A woman I know once told me a story of a family friend of hers, a dad who had a teenage daughter.  One day, a boy came to the door to pick up this man’s daughter for a date.  The dad met his daughter’s prospective date at the door and said, “You are not taking my daughter out.”

The woman who told me this story was appalled that a dad would do such a thing, that he would assert his power like that, that he would put his daughter in such an awkward position.

I was appalled that she was appalled.

And I realized that she and I we were on very clearly opposite sides of an important moral, and primal, issue.

The woman who told me this story had a big problem with a dad doing that, ever.  I have a big problem with a dad NOT doing that, ever.  A father who lacks the will to protect his family from potential harm is not a real man in my eyes.  In fact, I believe he is a contemptible weakling.

I believe a man should be a protector.  I believe one of the primary functions of a father is to safeguard his family.  If this man had a strong impulse to repel a particular boy from his family, and he acted on that impulse, then I salute him.  He is doing his job.  He is being a man.

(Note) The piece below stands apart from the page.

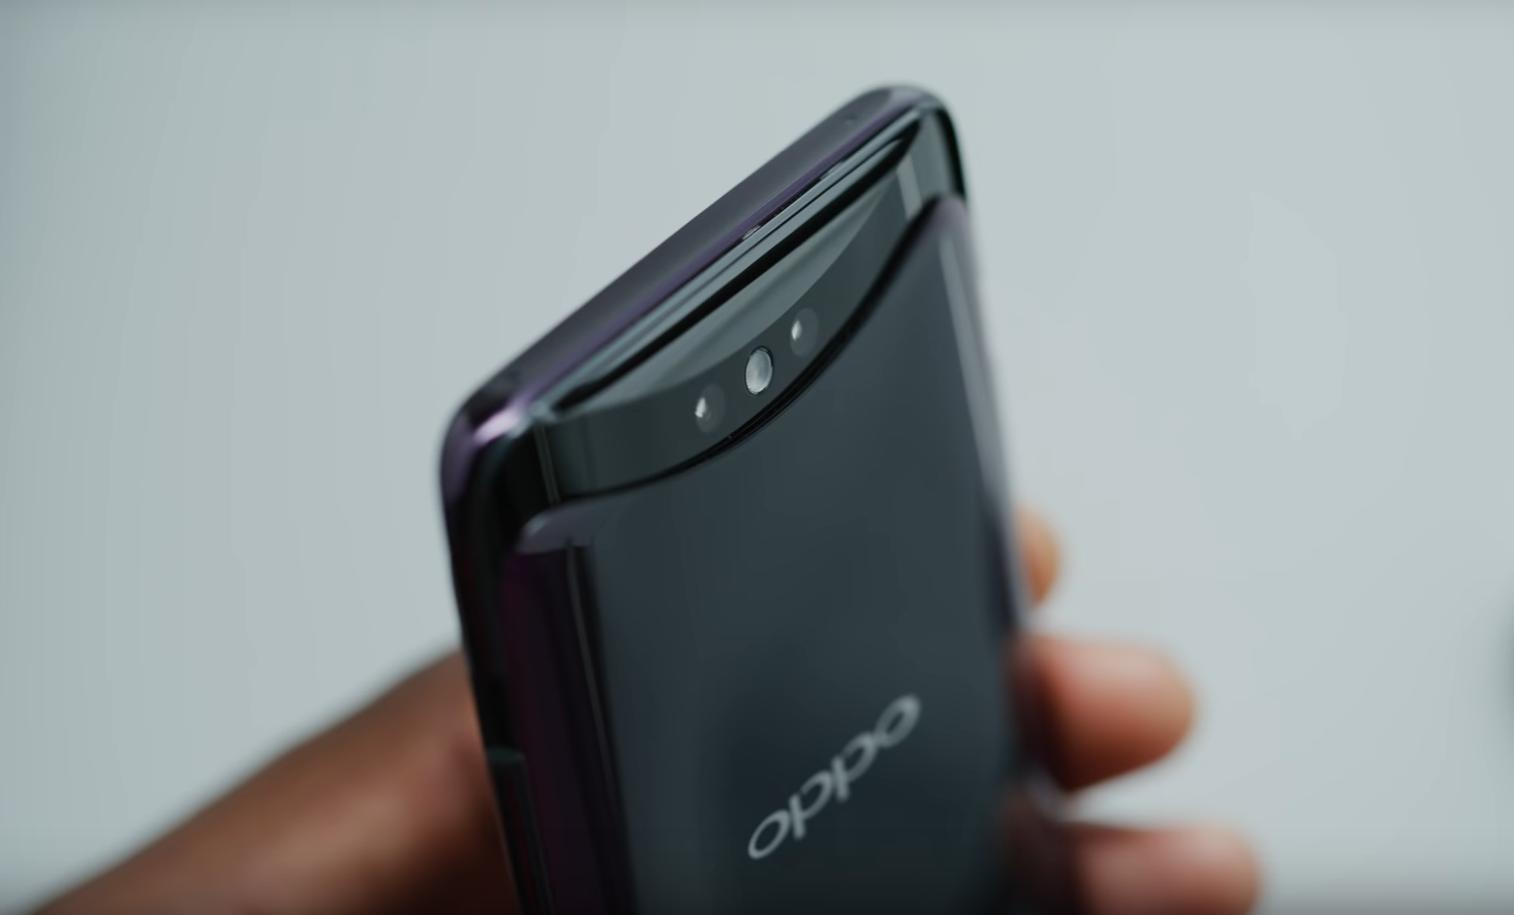 Обзор достоинств и недостатков смартфона Oppo Find X

If I had daughters, I’d be the kind of dad sitting on the porch with a shotgun across my lap, greeting the boys if/when they came calling.  I would want to put fear into those boys.  And the boys who respected me for that fear, they would be the ones who would eventually earn my respect.

It is a healthy and character-building thing for boys to fear the fathers of the girls they want to take out.

The Purpose of Authority
Whether family, city, or nation, the protection of its members from harm is the most basic function of authority.

Whether family, city, or nation, it is a healthy thing for any potential interlopers to fear the authority of the entity into which they are interloping.